Pipeline Architecture

  1. Person Detection: Deformable DETR for detecting athletes in video frames
  2. Pose Estimation: ViTPose for keypoint detection in occluded scenarios
  3. Pose Tracking: Temporal tracking to maintain athlete identities across frames
  4. Position Classification: Combat position recognition from pose sequences
  5. Rule-based Scoring: Automated point assignment based on BJJ rules

Key Innovations

  • Harmony4D Fine-tuning: Used the 250GB Harmony4D dataset containing close human interactions instead of standard pose datasets
  • ViTPose Optimization: Leveraged transformer-based architecture for better global context understanding
  • PCT Exploration: Investigated Pose as Compositional Tokens for representing poses as discrete, semantically meaningful parts

Results & Performance

Successfully fine-tuned ViTPose on a subset of Harmony4D, achieving 0.649 AP and 0.702 AR - approaching the performance reported in previous research. This represented a significant improvement over standard pose estimation models when applied to grappling scenarios.

The transformer-based approach proved particularly effective at handling occlusions and overlapping limbs common in BJJ positions.

Technical Challenges

Data Scale: The Harmony4D dataset (250GB compressed) created substantial storage and processing difficulties, requiring careful resource management.

GPU Constraints: Frequent memory limitations during training required process restarts and constrained batch sizes, slowing development.

Occlusion Handling: The constant intertwining of athletes made standard pose tracking models struggle with identity swaps and missing keypoints.

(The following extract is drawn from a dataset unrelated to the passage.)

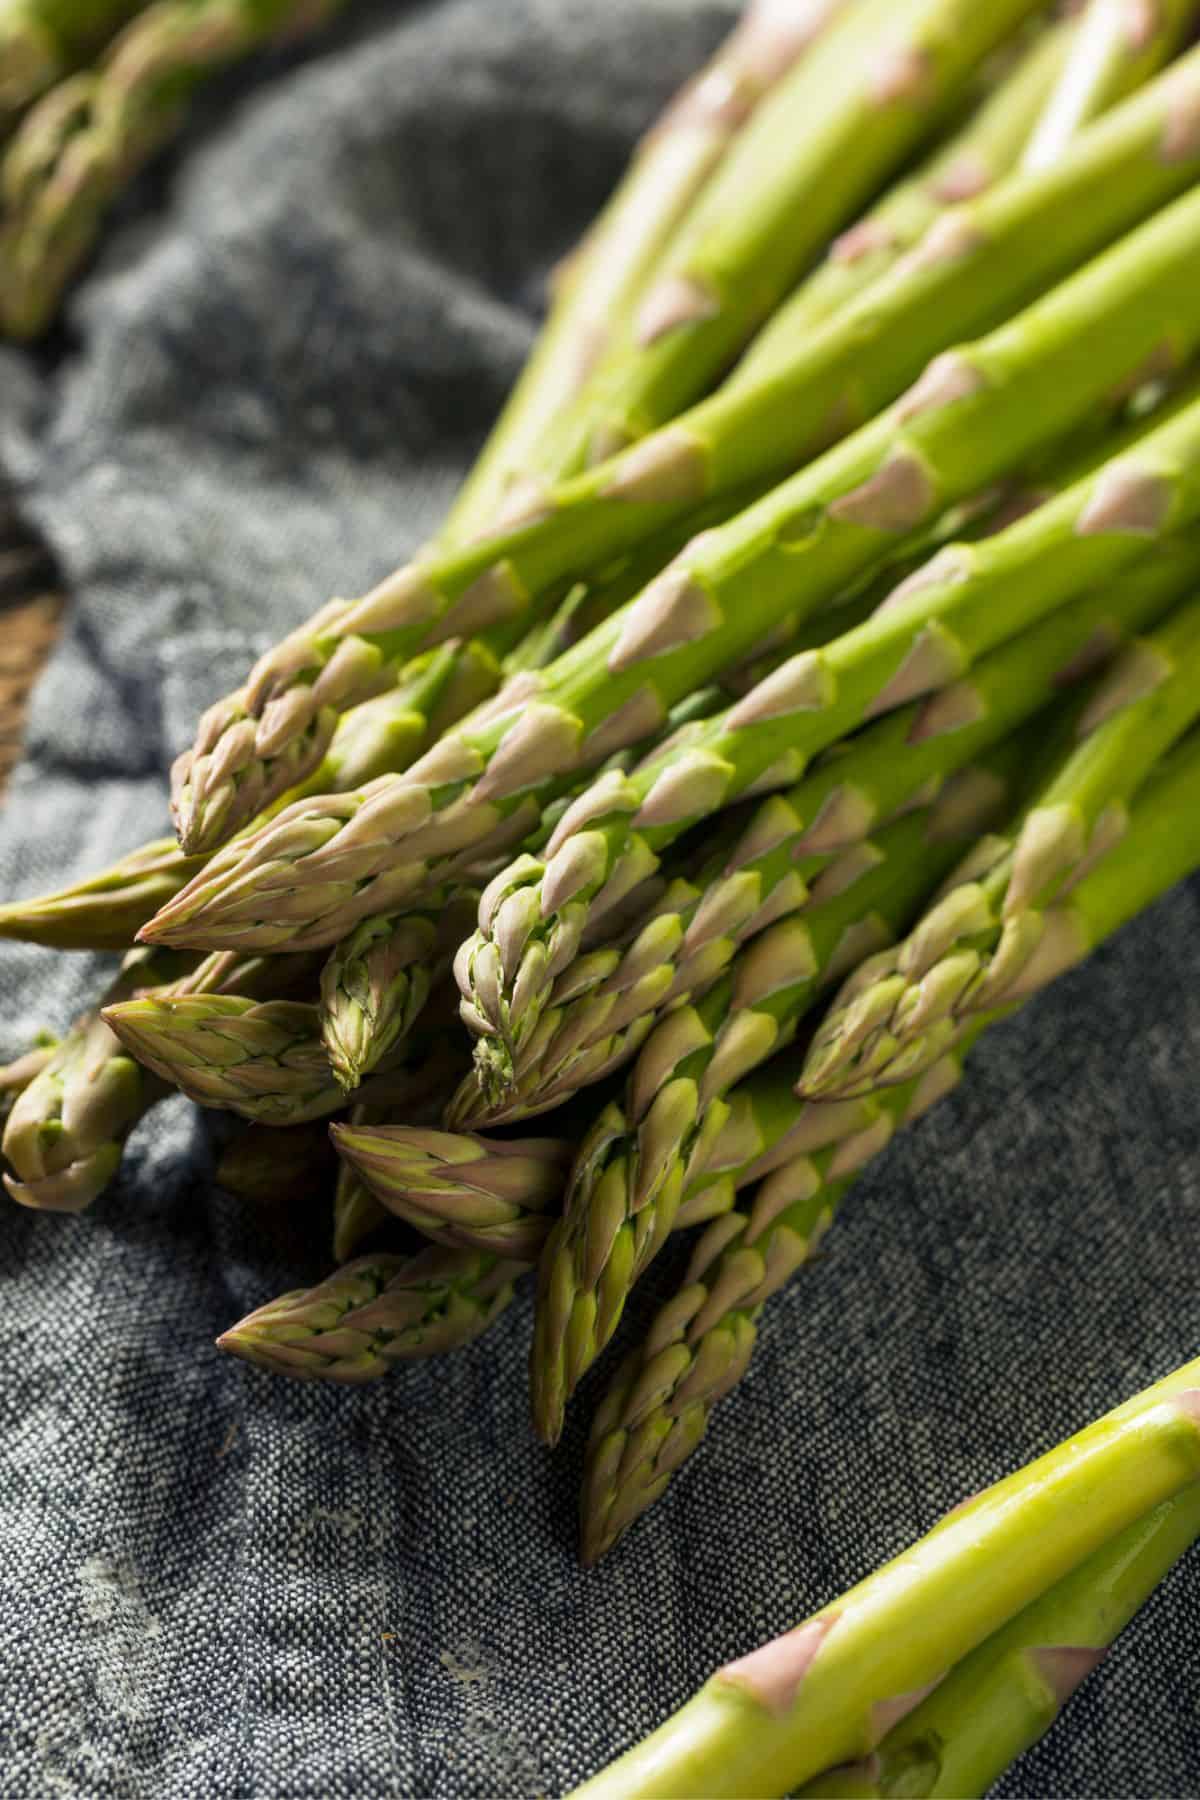 A bunch of fresh asparagus stalks ready for Asparagus Recipes on a dark fabric surface.

Limited Documentation: Integrating D-DETR and ViTPose required significant debugging due to sparse documentation and dependency conflicts.

Tech Stack

  • ViTPose: Transformer-based pose estimation with vision transformer backbone
  • Deformable DETR: Sparse attention mechanisms for person detection
  • Harmony4D Dataset: 250GB dataset of close human interactions
  • Brazilian Jiu-Jitsu Positions Dataset: BJJ-specific combat position labels
  • PyTorch: Deep learning framework for model training and fine-tuning

What I Learned

This was my first deep dive into computer vision for sports analytics. I learned how to adapt state-of-the-art models to domain-specific problems and handle massive datasets with limited computational resources.

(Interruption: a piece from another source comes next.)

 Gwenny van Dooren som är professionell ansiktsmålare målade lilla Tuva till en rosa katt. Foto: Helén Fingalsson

Fine-tuning transformer models taught me about the importance of dataset quality over quantity - the Harmony4D dataset's focus on close interactions was crucial for our grappling use case.

Working with limited documentation forced me to become more self-sufficient in debugging complex ML pipelines and understanding model architectures from source code.

Future Work

The foundation is solid for completing the full pipeline. Next steps include:

  • Completing the temporal tracking module for consistent athlete identification
  • Implementing the combat position classifier using the BJJ positions dataset
  • Integrating the rule-based scoring system
  • Scaling training to the full Harmony4D dataset for improved accuracy

Impact

This project demonstrates the potential for AI to make sports more objective and fair. Beyond competition, automated scoring provides athletes with valuable tools for self-evaluation during training, helping them understand position control and timing.

The work represents an important step in sports analytics, showing how computer vision can accurately understand and evaluate complex human interactions in athletic contexts.